Ulrich Rölfing lebt und arbeitet als Bildhauer und Maler in Hamburg. Sein künstlerischer Werdegang begann 1979 in Florenz, wo er durch den italienischen Bildhauer Raimondo Puccinelli in die Bildhauerei eingeführt wurde. Es folgte ein Studium der Kunstgeschichte und Philosophie an der Universität Bochum und ein Kunststudium in Wien.
Durch Ausstellungen im In- und Ausland und durch seine Werke im öffentlichen Raum ist seine Kunst vielfältig präsent. Ulrich Rölfing ist Stipendiat der Malschule Weimar, der Otto Flath Stiftung, der Stadt La Rochelle (Frankreich) und Preisträger der Stadt Pöchlarn.
Text von Ulrich Rölfing zu seinem Bilderzyklus
Ein Jahr nach dem Tod meiner Mutter drängte es mich, malend ein Blick auf ihr Leben zu werfen, so entstand eine Bildfolge von über 90 Bildern.
Wenn ein Leben abgeschlossen ist, zeigt es im Rückblick eine ganz neue Gestalt. Alle Ereignisse und Eigenheiten rücken näher zusammen und zeigen eine Verbundenheit, die zuvor nicht sichtbar war.
So ging es mir mit dem Leben meiner Mutter. Beiläufige Gesten und Verhältnisse rückten auf einmal ins Zentrum und begannen zu sprechen. Unbeachtete Fotografien gewannen auf einmal für mich eine Aussage und wurden Ankerpunkte für seelische Bilder, die an die Oberfläche drängten.
Die zeitliche Abfolge der Ereignisse trat zurück und eine Zusammenschau des Lebens als Ganzheit trat in den Vordergrund. Ein Tableau all dessen, was dieses Leben ausgemacht hat, war in einer gewissen Gleichzeitigkeit zu fühlen und zu erahnen: spätere Entwicklungen und Verhältnisse waren schon in früheren Begebenheiten und Stimmungen anwesend.
Deshalb ordne ich die Bilder in Ausstellungen, oder auch in dem zu ihnen erschienen Buch, nicht in chronologischer Erzählweise an. Darum geht es nicht. Ich gruppiere die Bilder so, dass andere Bezüge und Strukturen hervortreten.

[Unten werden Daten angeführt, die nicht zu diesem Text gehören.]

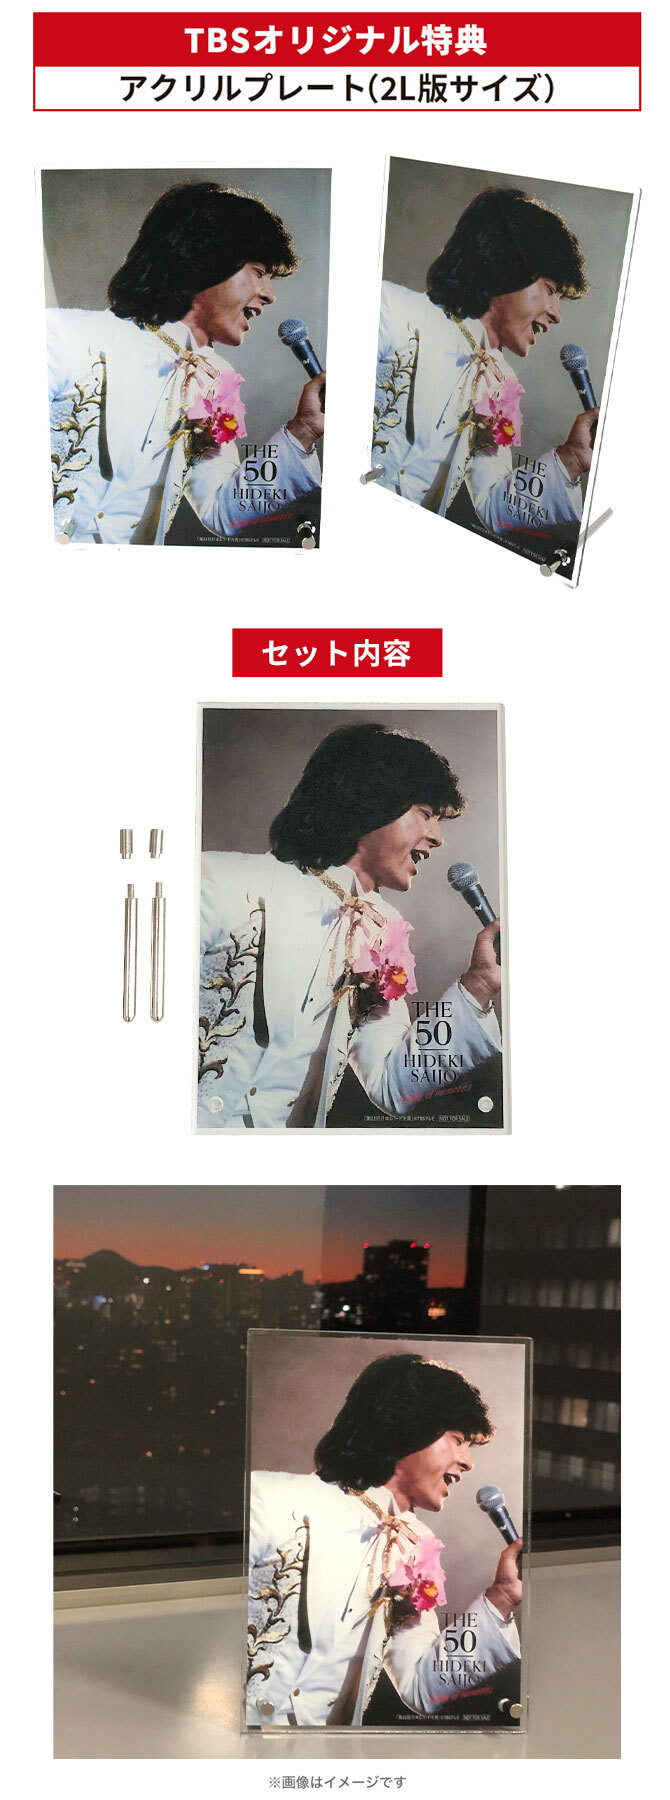 西城秀樹「THE 50 HIDEKI SAIJO song of memories」／DVD-BOX（7枚組 
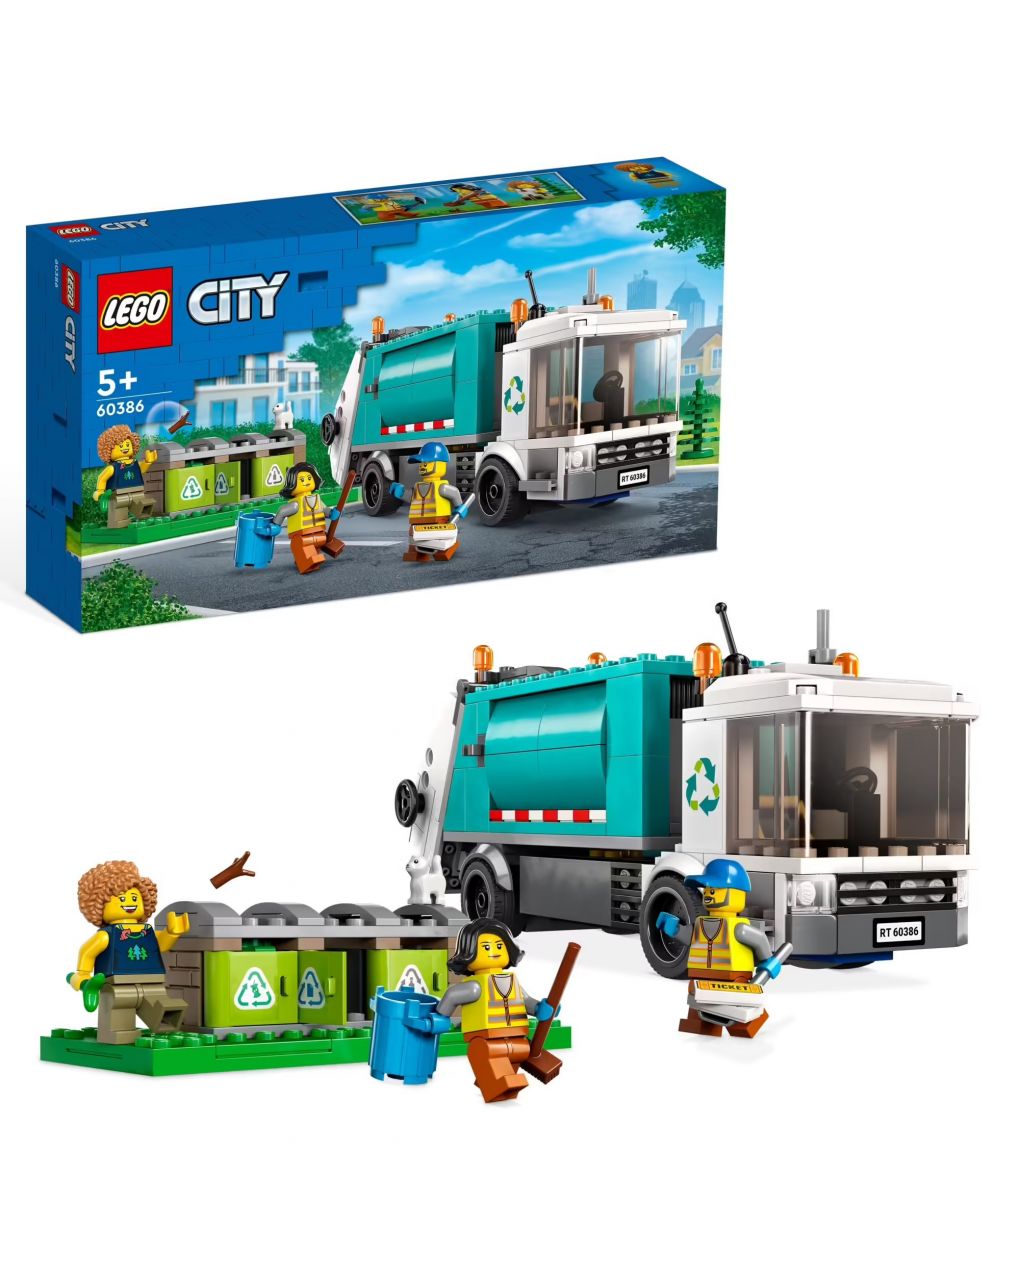 Camion per il riciclaggio dei rifiuti - giocattolo con 3 bidoni raccolta differenziata - lego city - LEGO

Im Arbeitsprozess ergab sich, dass unscheinbare, beiläufige Augenblicken im erinnerten Leben eine große Wucht und Kraft bekamen und mehr zu sagen hatten als die Eckpunkte des tabellarischen Lebenslaufes. In ihnen fasste sich in einem Fokus Vieles zusammen, was ansonsten schwer greifbar gewesen wäre.
So konnte ich mich an allgemeinmenschliche Aussagen heranwagen, indem sie ins Persönliche und situativ Konkrete gebrochen waren, die ansonsten so für mich nicht formulierbar gewesen wären. Alles Anekdotische blieb außen vor.
Nur der Augenblick hat in sich die Möglichkeit über sich selbst hinauszuweisen. Ich habe versucht ihn aus seiner Zufälligkeit herauszulösen und mit einem inneren Bild zur Deckung zu bringen.
Zur horizontalen Richtung des Lebens als eines Verlaufes, kam so die vertikale Potenz des Augenblicks. Die Ganzheit des Lebens schlummerte oft da, wo ich sie nicht erwartet hatte.
Es findet sich in meiner Bildfolge „Vom Leben und vom Gehen“, aus der einige Beispiele hier abgedruckt sind, natürlich auch viel Zeit- und Rollentypisches. Aber diese Bedingtheit wird dadurch gebrochen, indem die zentrale Figur aus dem konkreten Umfeld herausgelöst und in einen abstrakt aufgefassten Farbraum hineingestellt wird.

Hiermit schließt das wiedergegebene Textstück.